The original objective of the Climate Treaty was to put in place legally binding emission reduction targets for the historical polluters, who in the pre-globalisation era were concentrated in the rich industrial North. The treaty was destroyed in 2009 at the Climate Summit in Copenhagen by an attempt to replace it with a non-binding Copenhagen Accord. The Kyoto Protocol of 1997 had introduced emissions trading, which, in effect, meant that the polluter got paid, not punished. The big industrial polluters were first paid by allowing them to get private rights to our atmospheric commons. Then the polluters got paid by making profits through carbon trading. Profits increased and emissions also increased. Climate chaos is worse today than it was in 1992. And the polluters look for new avenues to make money and grab resources. Now they want to commodify the ecological functions and services that nature provides. This will be the big climate debate in Rio+20.
The objective of Climate Treaty was the conservation of biodiversity and its sustainable and equitable use. That objective has been subverted and is being increasingly replaced by objectives of trade in genetic resources, profits and privatisation. The Nagoya Protocol on Access to Genetic Resources and Benefit Sharing, adopted in 2010, restricts access only to global players, ignoring the access of local communities. It treats as utilisation only utilisation for research and commerce, ignoring the survival needs of local communities. It is, in fact, legalised biopiracy as it enables transfer of genetic wealth from local communities to global corporations. It undermines the biodiversity economies and cultures that have conserved biodiversity and are necessary for conserving it for the future.

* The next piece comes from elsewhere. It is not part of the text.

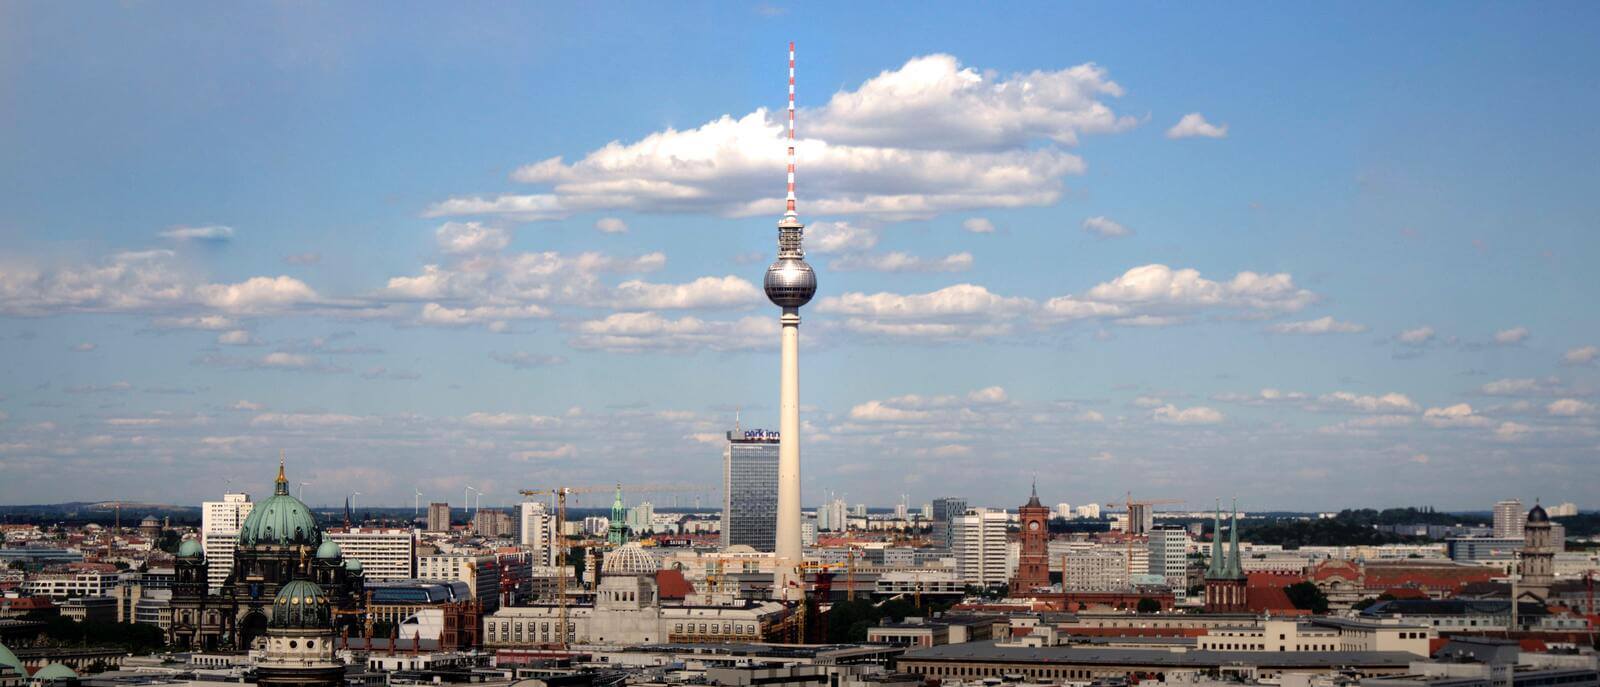 Jobs & Agenturen in Berlin | JobSuite

In both the Climate Treaty and the Biodiversity Convention, trade and commerce is replacing conservation and eroding the commons. Rights of corporations are edging out the rights of people.
And this change in values, from conserving and sharing to exploiting and privatising, is justified in the name of economic progress and economic growth. Yet, the economic paradigm for which the earth and the society are being pillaged and destroyed is itself in deep crisis. Look at the number of farmers committing suicides and hunger and malnutrition in India.
A paradigm shift is desperately needed. And it will not come from those who have created the crisis and who are looking for new ways to extend the life of the greed economy by commodifying and privatising all life on earth. They will come to Rio+20 to paint the “greed economy” green, and call it the “green economy”. And they will have powerful governments on their side.
Movements for ecological sustainability, social justice and deep democracy will come to Rio+20 with another paradigm — one centred on the rights of mother earth, the rights of future generations, of women, indigenous communities and farmers. It is this epic contest between a destructive and dying outmoded paradigm and a life-enhancing emergent paradigm that will be the most significant aspect of Rio+20. The outcome of this contest will determine the future of humanity.
None of us are immune from the crisis or the response to it. None of us are bystanders. We are all immersed in the processes that are either threatening the planet and our own future, or finding creative ways to shape a sustainable and a just future. Every day is an earth summit in our lives. And each of us is negotiating our collective fate on earth.